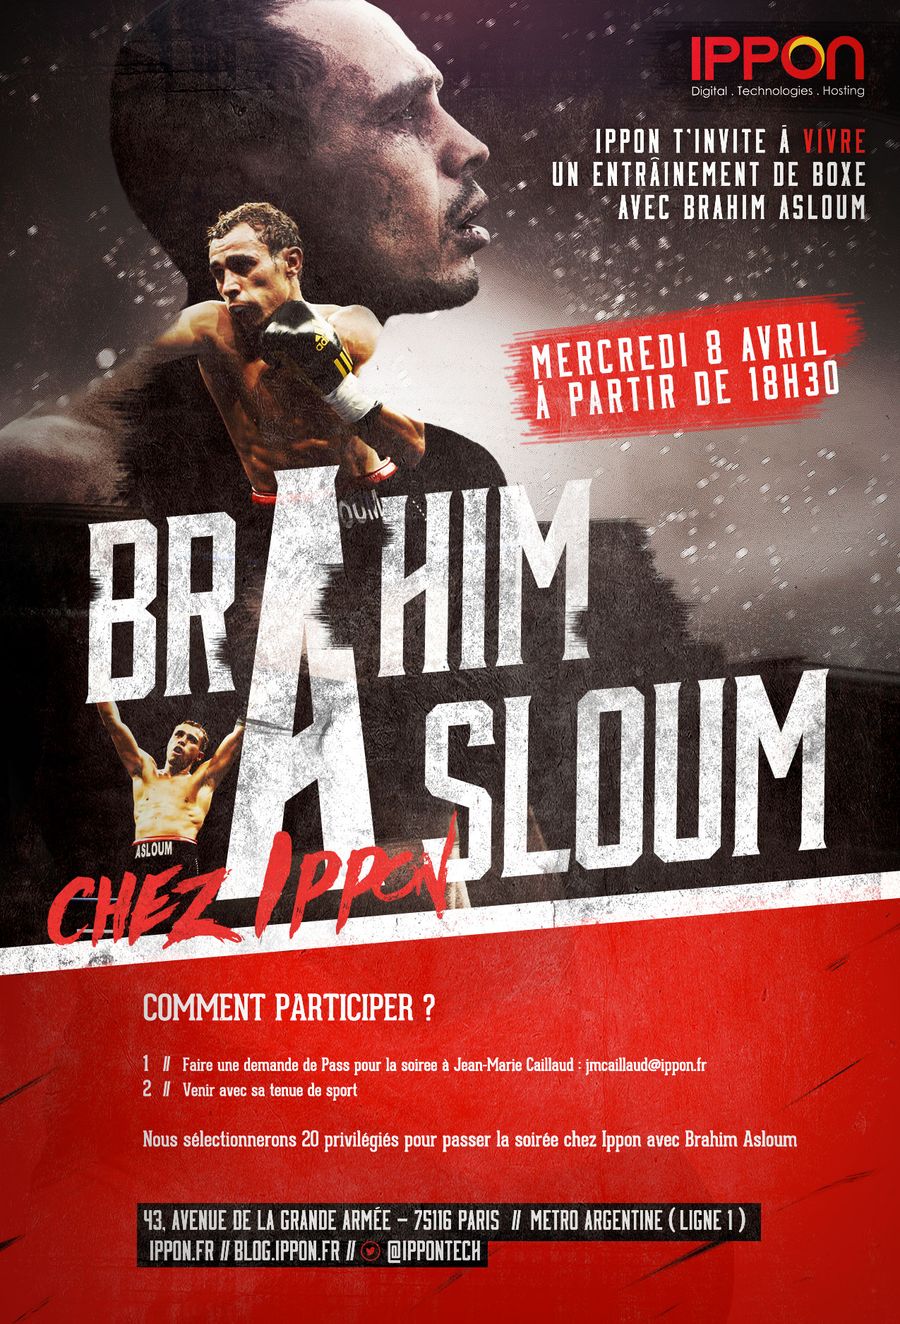 Participez à un entraînement de boxe avec Brahim Asloum chez Ippon
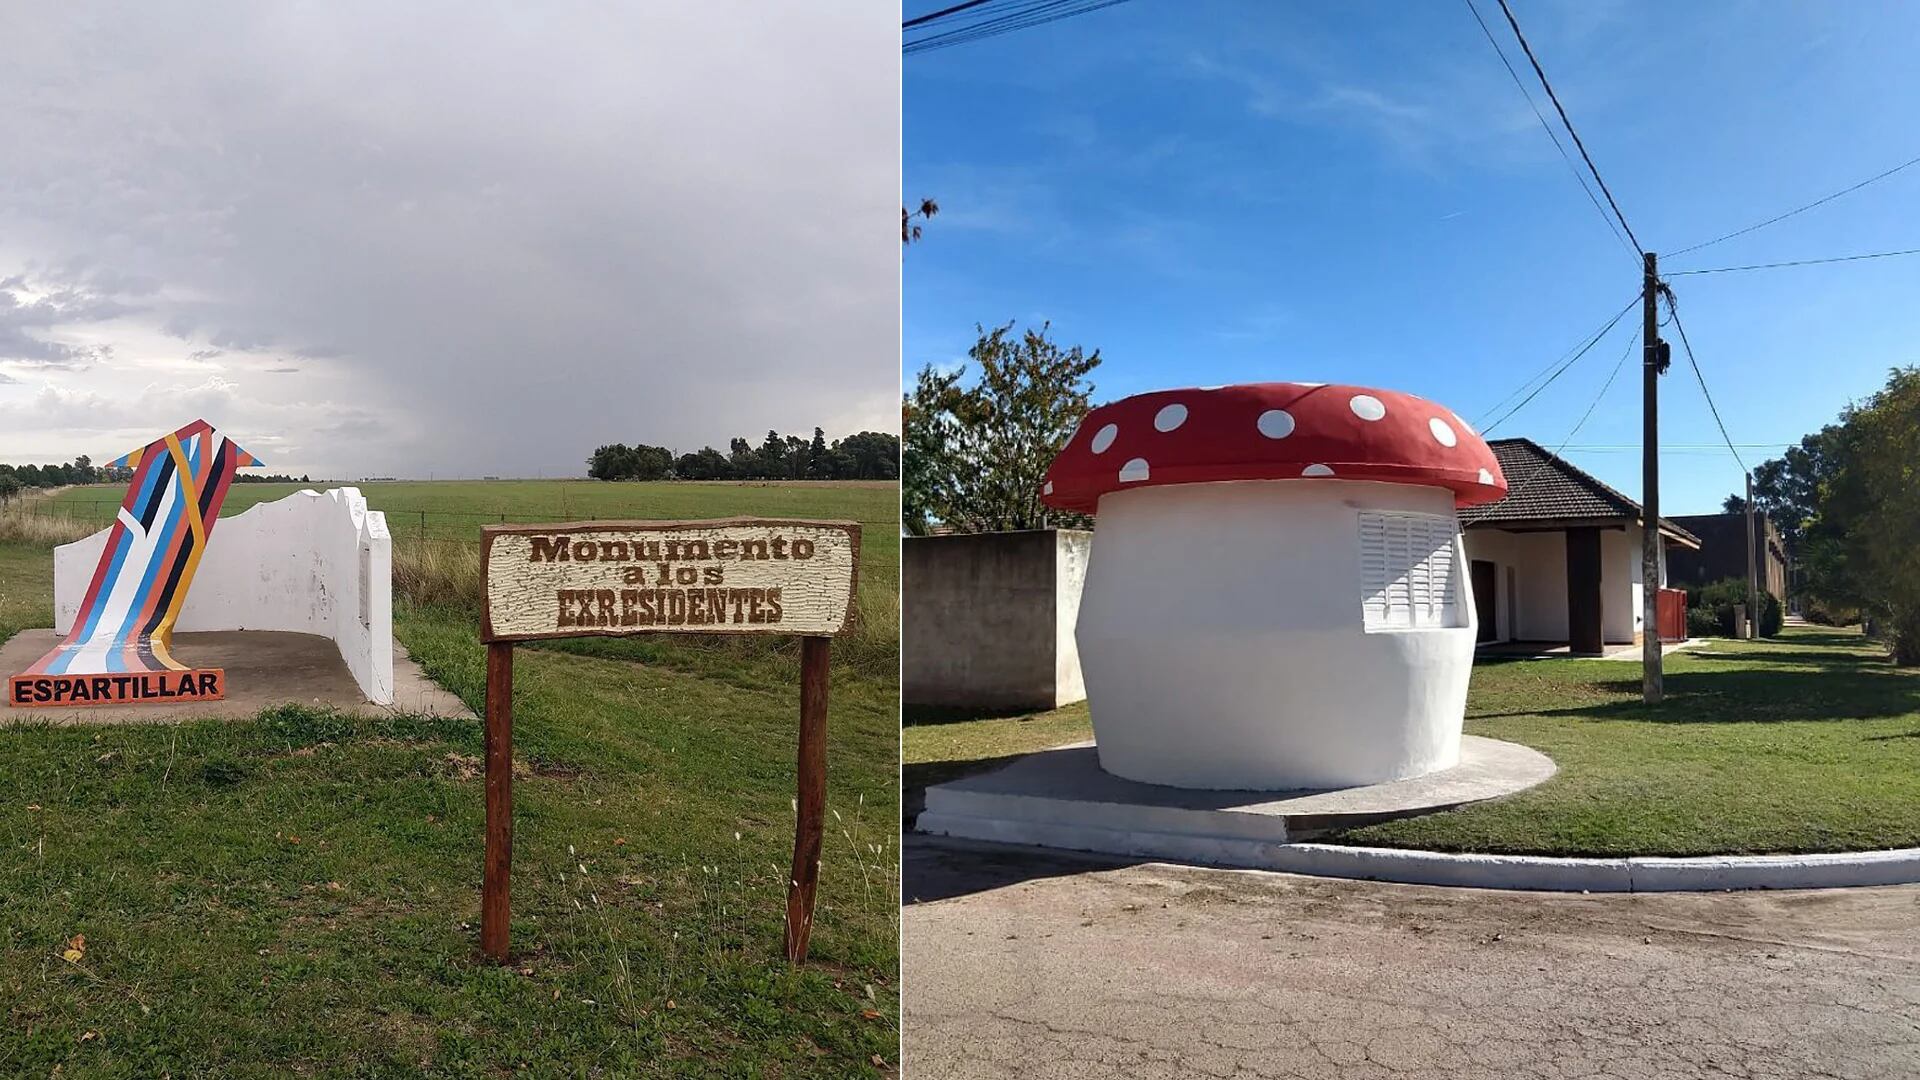 Algunas de las curiosidades de Espartillar: el Monumento a los Expresidentes y el hongo gigante, que es la fachada de un kiosco de la localidad
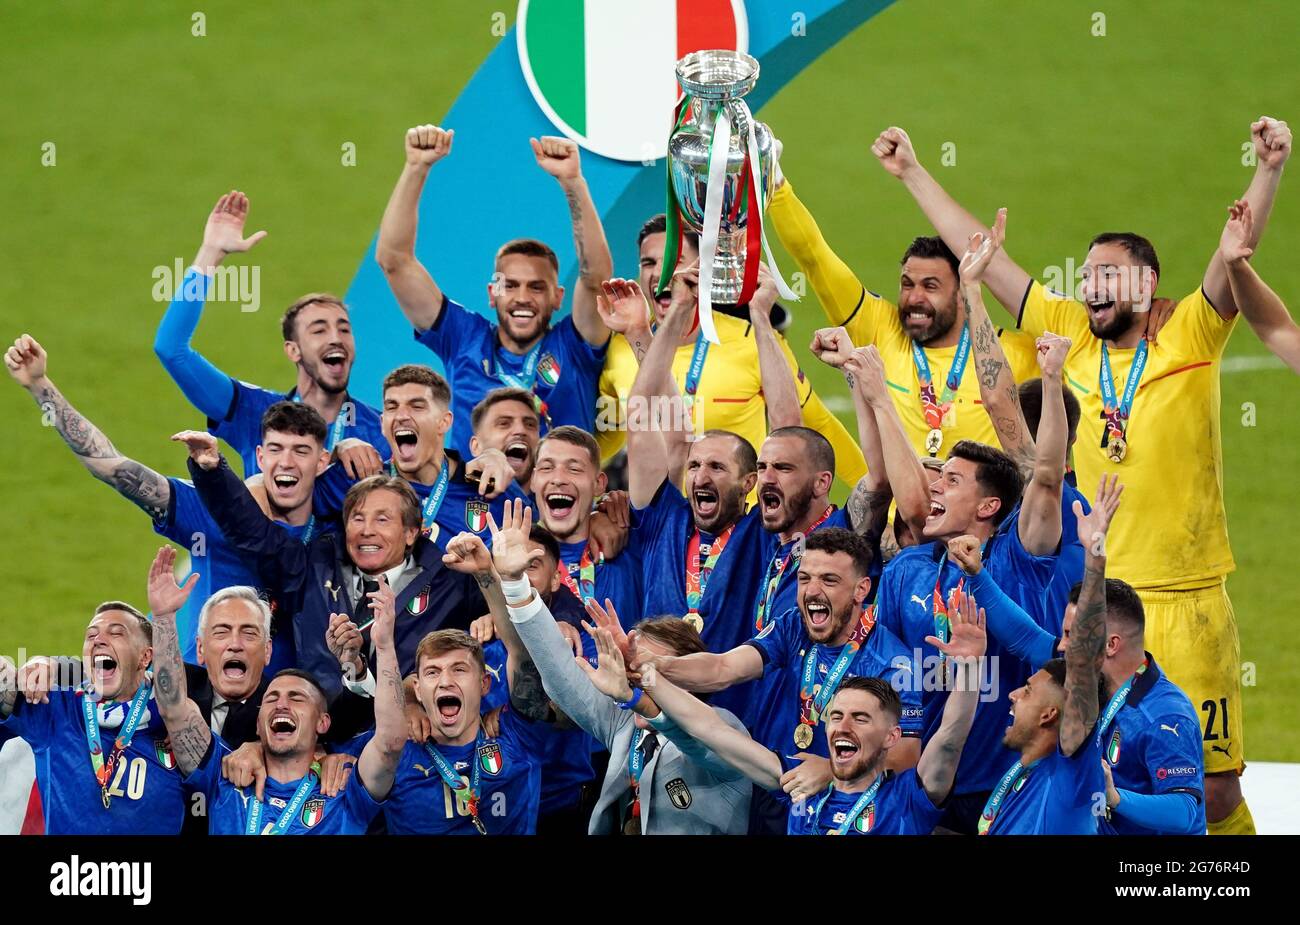 Italien Kapitän Giorgio Chiellini hebt die UEFA Euro 2020 Trophy nach seinem Sieg über England im Finale der UEFA Euro2020 im Wembley Stadium, London, an. Bilddatum: Sonntag, 11. Juli 2021. Stockfoto
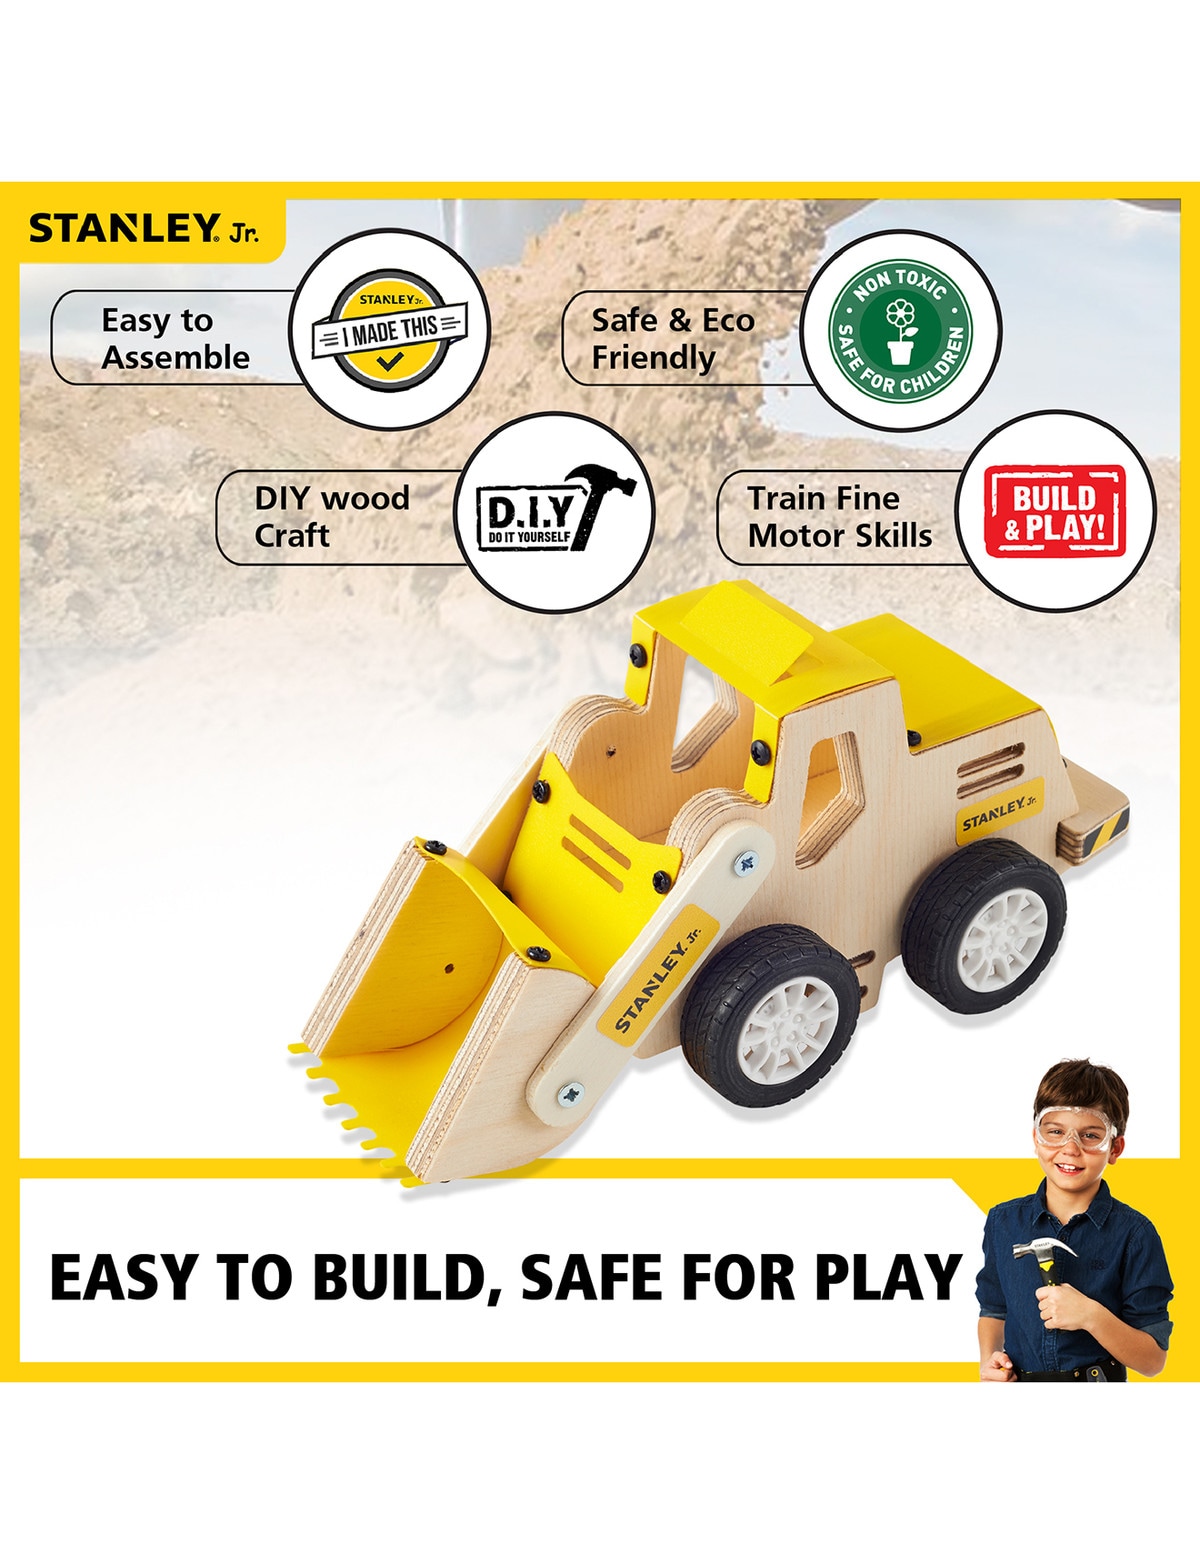 Stanley Jr. Front Loader Kit & 7 Piece Tool Set | Real Tools for Kids

What the task asks: Drop the images, then copy the data exactly.

Result for this task:
 Participez à un entraînement de boxe avec Brahim Asloum chez Ippon
 Algunas de las curiosidades de Espartillar: el Monumento a los Expresidentes y el hongo gigante, que es la fachada de un kiosco de la localidad
 Italien Kapitän Giorgio Chiellini hebt die UEFA Euro 2020 Trophy nach seinem Sieg über England im Finale der UEFA Euro2020 im Wembley Stadium, London, an. Bilddatum: Sonntag, 11. Juli 2021. Stockfoto
 Stanley Jr. Front Loader Kit & 7 Piece Tool Set | Real Tools for Kids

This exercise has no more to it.